Desolation Angels is the wild and soulful story of the legendary road trip that Jack Kerouac took before the publication of On the Road, told through the persona of Jack Duluoz and accompanied by his thinly-disguised Beat cohorts Allen Ginsberg, Gregory Corso and William Burroughs. As they hitch, hop freight trains, walk and talk their way across the world, from California to Mexico, London to Paris and on to opium-ridden Tangiers, Kerouac chronicles their poetry, partying, mountain vigils and spiritual contemplation with unsurpassable energy and humanity.
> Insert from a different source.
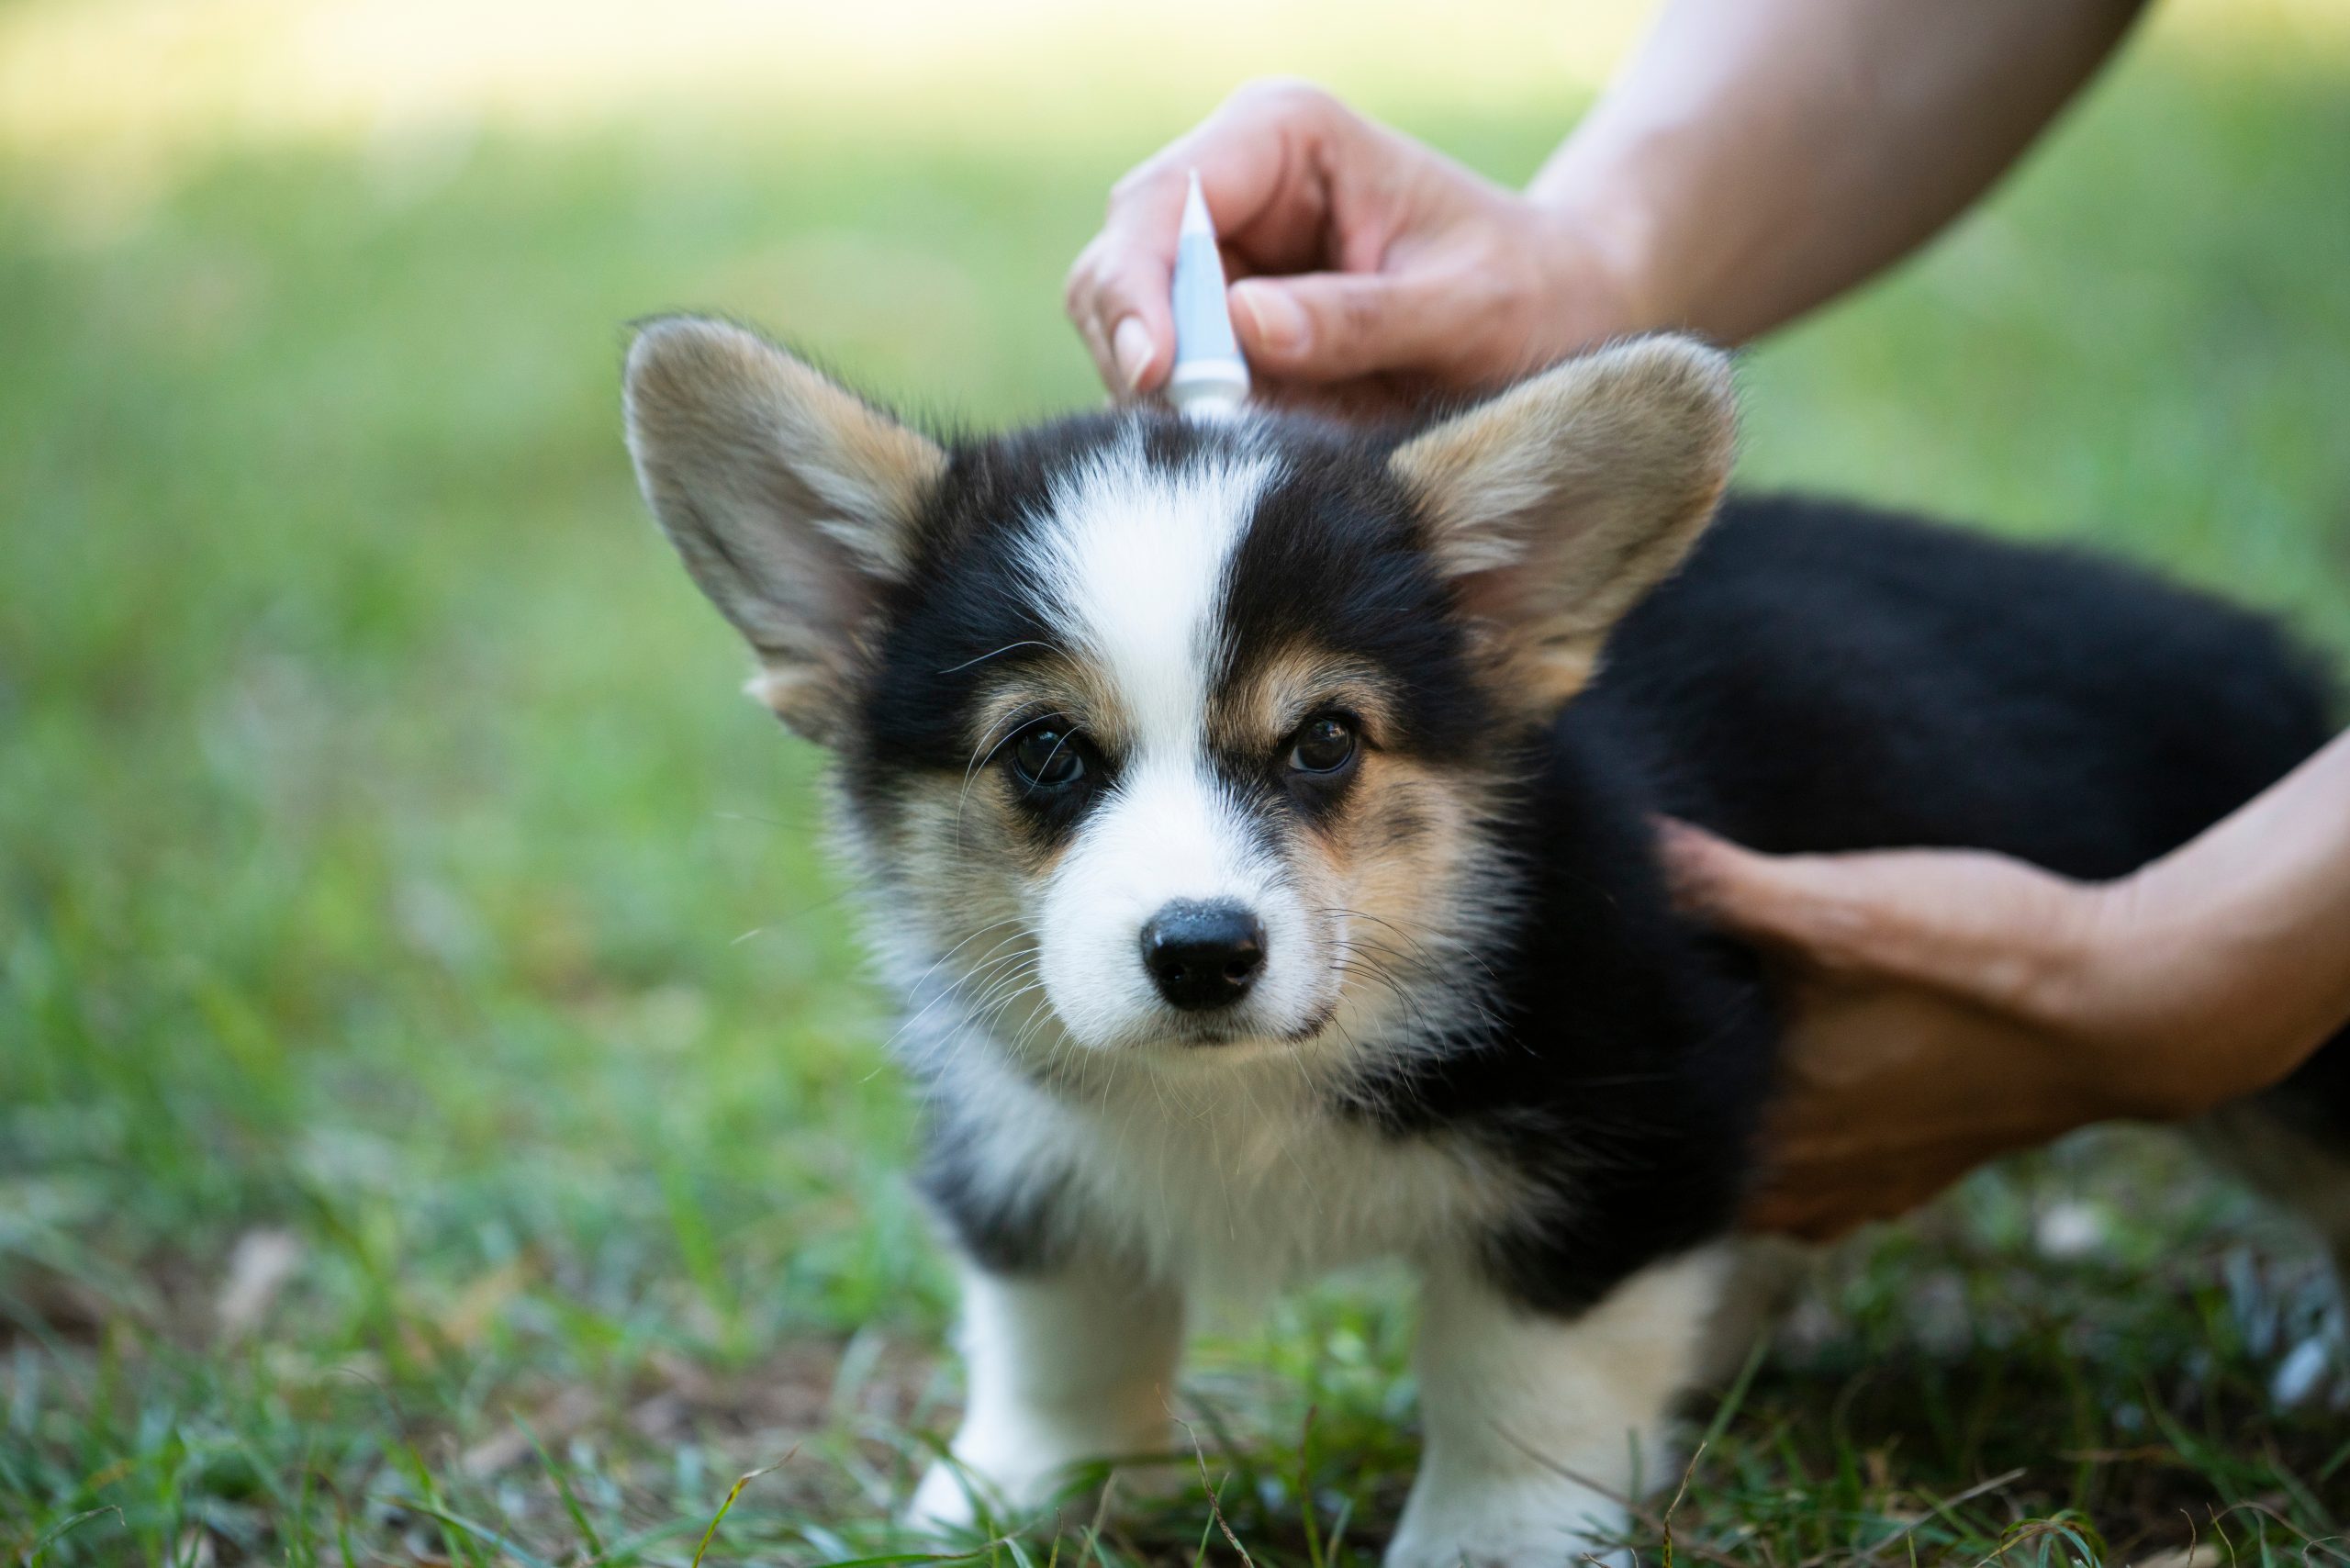 Dog tick and flea prevention treatment

'Nerve-jangling, sentimental, sincere and funny' Sunday Times

Reviews

  • Nerve-jangling, sentimental, sincere and funny
    Sunday Times

About the author

Jack Kerouac

Jack Kerouac was born in Lowell, Massachusetts, in 1922. Educated by Jesuit brothers in Lowell, he decided to become a writer at age seventeen and developed his own writing style, which he called 'spontaneous prose'. He used this technique to record the life of the American 'traveler' and the experiences of the Beat Generation, most memorably in On the Road and also in The Subterraneans and The Dharma Bums. His other works include Big Sur, Desolation Angels, Lonesome Traveler, Visions of Gerard, Tristessa, and a book of poetry called Mexico City Blues. Jack Kerouac died in 1969.